[WORK TASK] With the pictures excluded, reproduce all of the data exactly.

[DATA EXTRACT]
☆ ☆ ☆ ☆ ☆ ☆ ☆
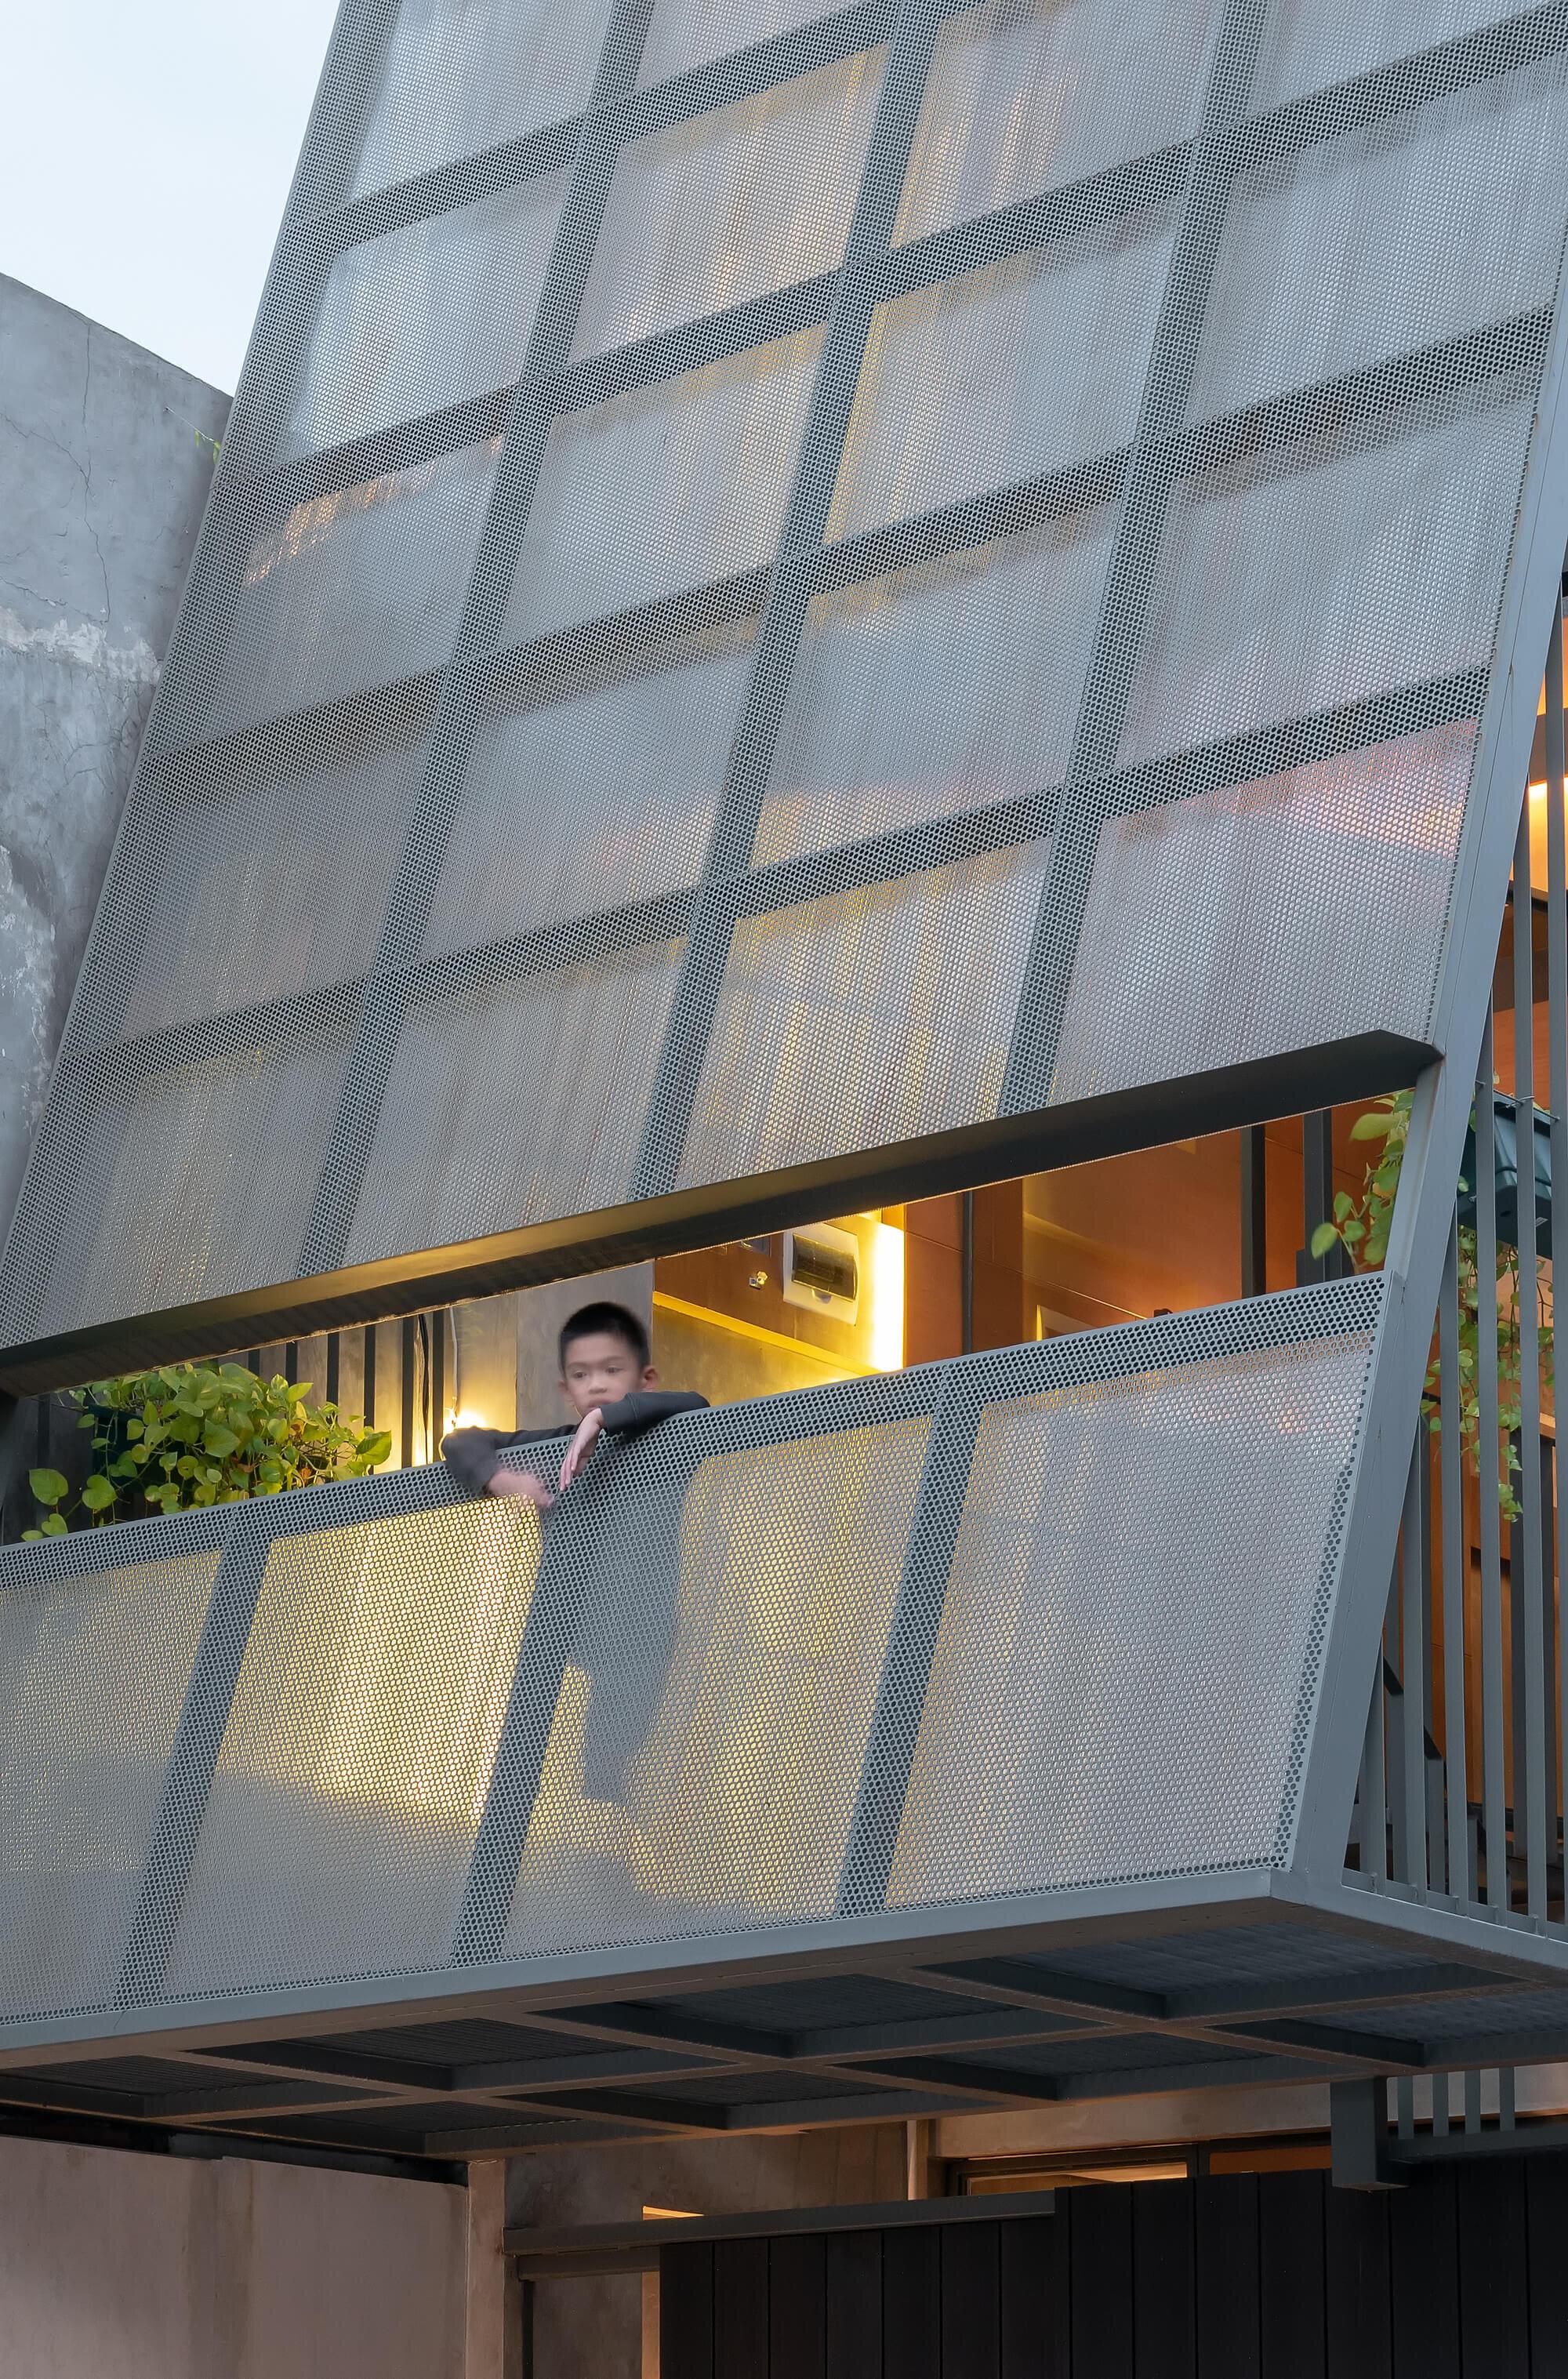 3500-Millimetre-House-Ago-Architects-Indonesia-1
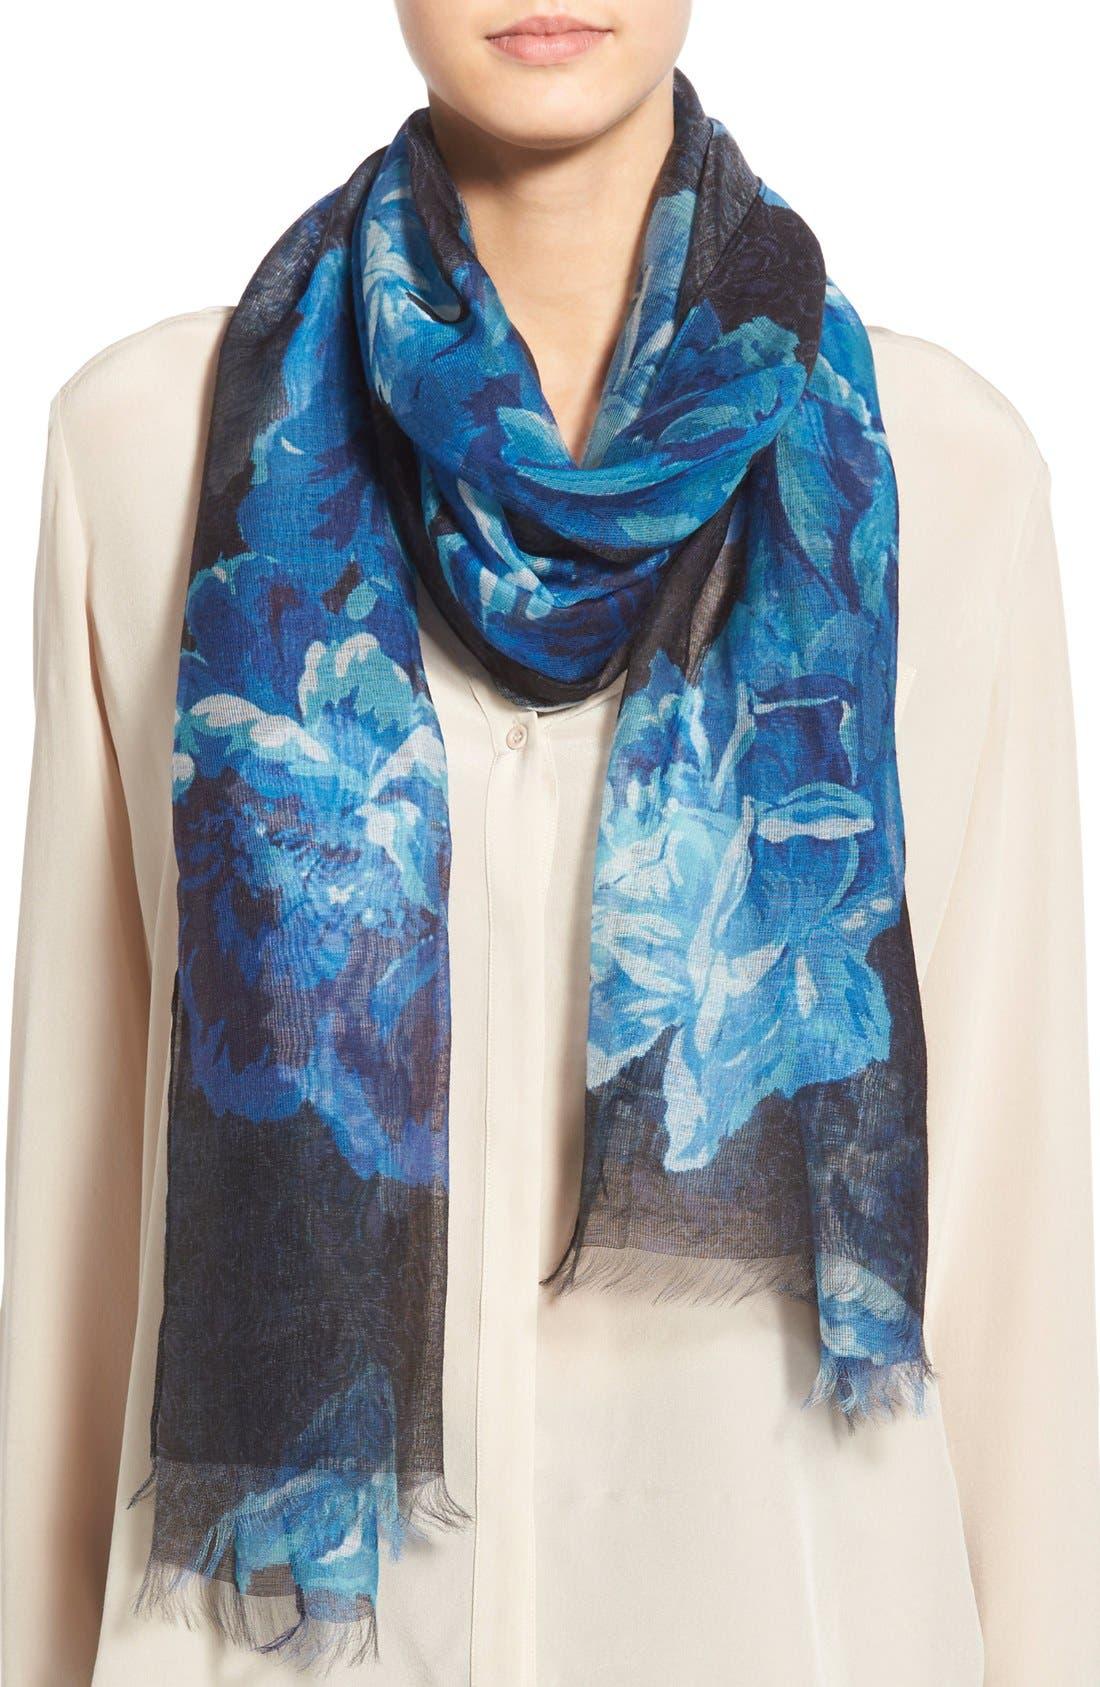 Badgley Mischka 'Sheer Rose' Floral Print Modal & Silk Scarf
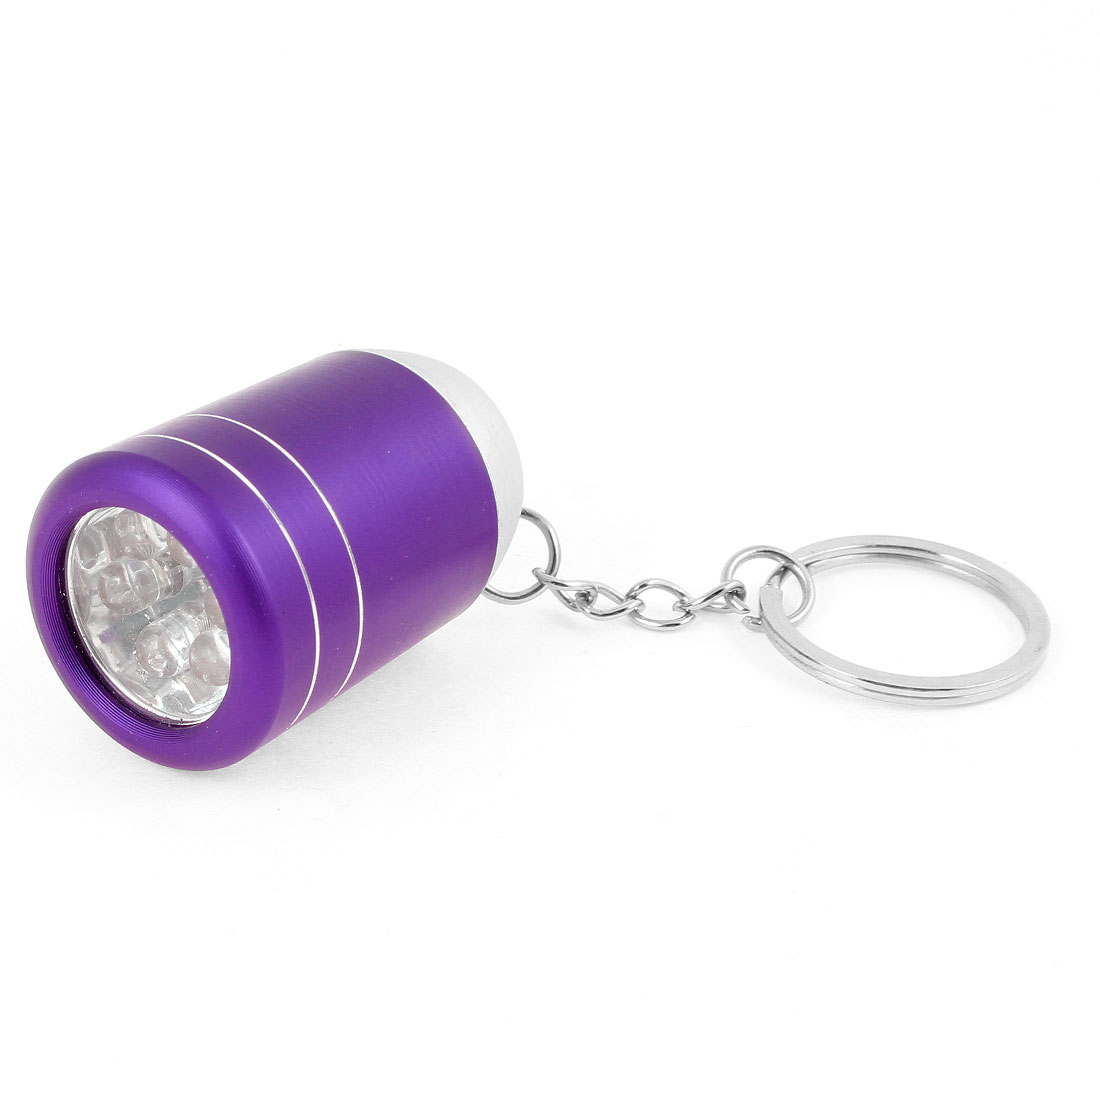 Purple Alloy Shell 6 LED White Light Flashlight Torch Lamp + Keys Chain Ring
☆ ☆ ☆ ☆ ☆ ☆ ☆
[SOLUTION]
 3500-Millimetre-House-Ago-Architects-Indonesia-1
 Badgley Mischka 'Sheer Rose' Floral Print Modal & Silk Scarf
 Purple Alloy Shell 6 LED White Light Flashlight Torch Lamp + Keys Chain Ring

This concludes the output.